[Date Prev][Date Next][Thread Prev][Thread Next][Date Index][Thread Index]
Re: 70x speed-up for seq's common cases
From: |
Jim Meyering |
Subject: |
Re: 70x speed-up for seq's common cases |
Date: |
Fri, 14 Sep 2012 09:43:12 +0200 |
Jim Meyering wrote:
> Inspired by Pádraig's April-fools post,
> http://thread.gmane.org/gmane.comp.gnu.coreutils.general/972
> and spurred by the fact that Torbjorn and Niels had to roll
> their own seq-like program to test their new factoring code
> (http://gmplib.org:8000/factoring), I have made coreutils' seq
> usable for arbitrarily large, non-negative whole numbers.

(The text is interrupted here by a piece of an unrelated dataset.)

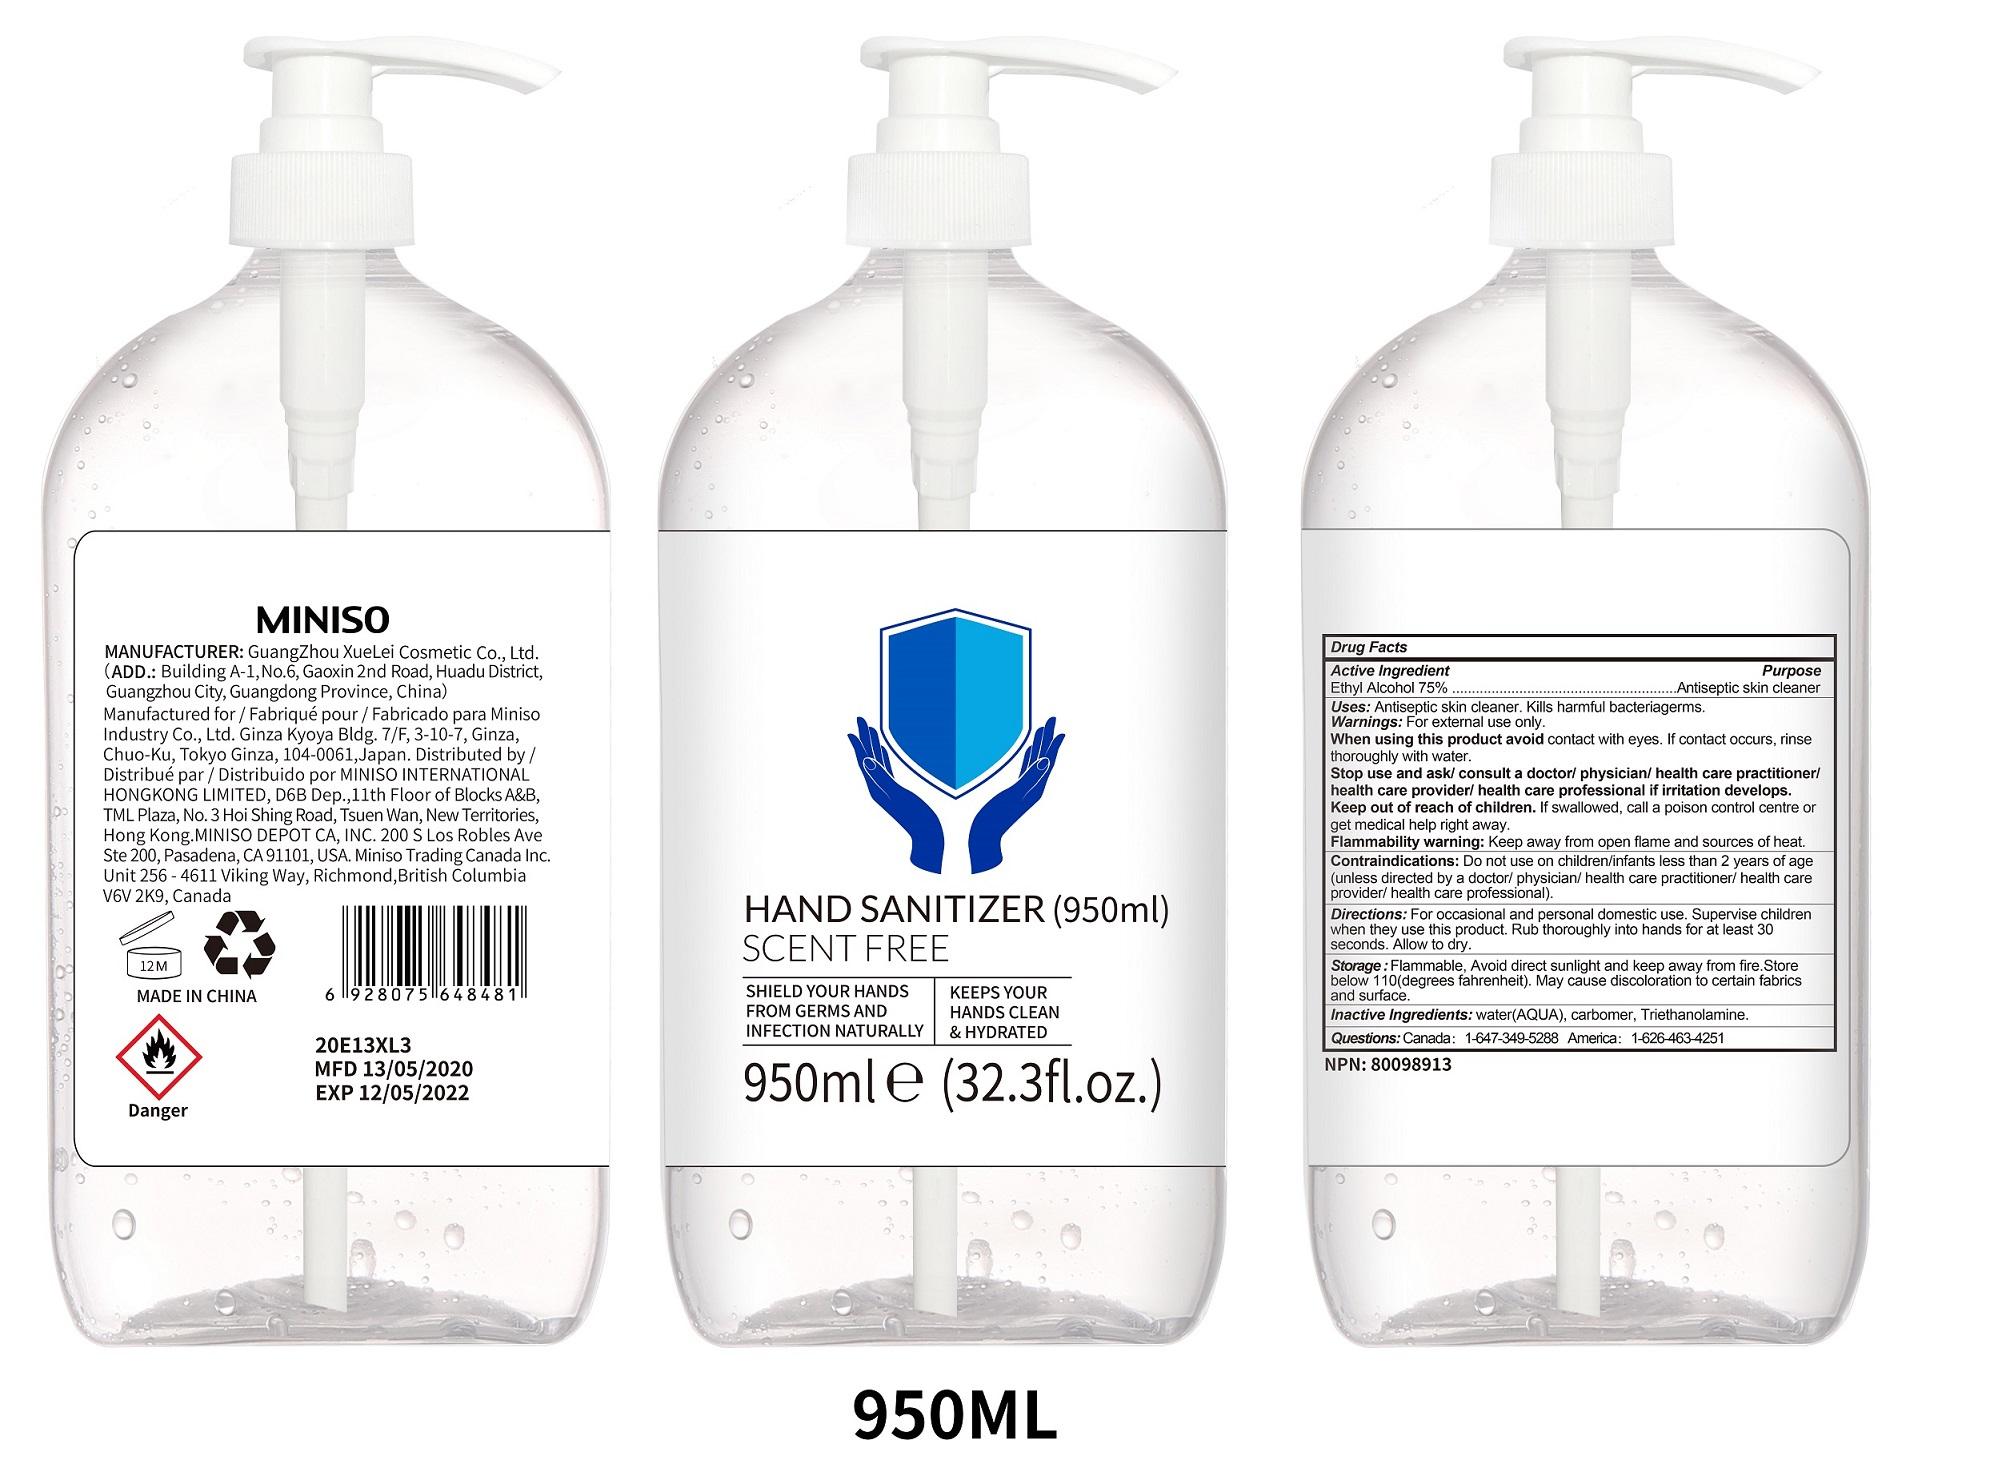 950ml label

> This has two advantages:
>
> - correctness with large numbers
> - improved performance in common cases
>
> For very large numbers, the new seq now appears to be correct:
>
> $ b=10000000000000000000000000000000000000000000000000000000000000
> $ src/seq ${b}09 ${b}11
> 1000000000000000000000000000000000000000000000000000000000000009
> 1000000000000000000000000000000000000000000000000000000000000010
> 1000000000000000000000000000000000000000000000000000000000000011
>
> while the old one would infloop, printing garbage:
>
> $ seq ${b}09 ${b}11 |head -2
> 999999999999999999965225407341472151966654053379893968647487488
> 999999999999999999965225407341472151966654053379893968647487488
>
> This also means that nt-factor's tests can now use coreutils' seq
> to generate their inputs.
>
> seq's new code is currently enabled only when an increment is not
> specified, or when it is specified as 1. As the FIXME comments in the
> code suggest, this may eventually be relaxed to allow for whole-number
> increments, but for that case, we may well want to use yet another code
> path, using bignums, and with less emphasis on performance.
>
> seq's new incr function is based on the one from cat.c, and the
> rest is based roughly on nt-factor's ourseq.c implementation.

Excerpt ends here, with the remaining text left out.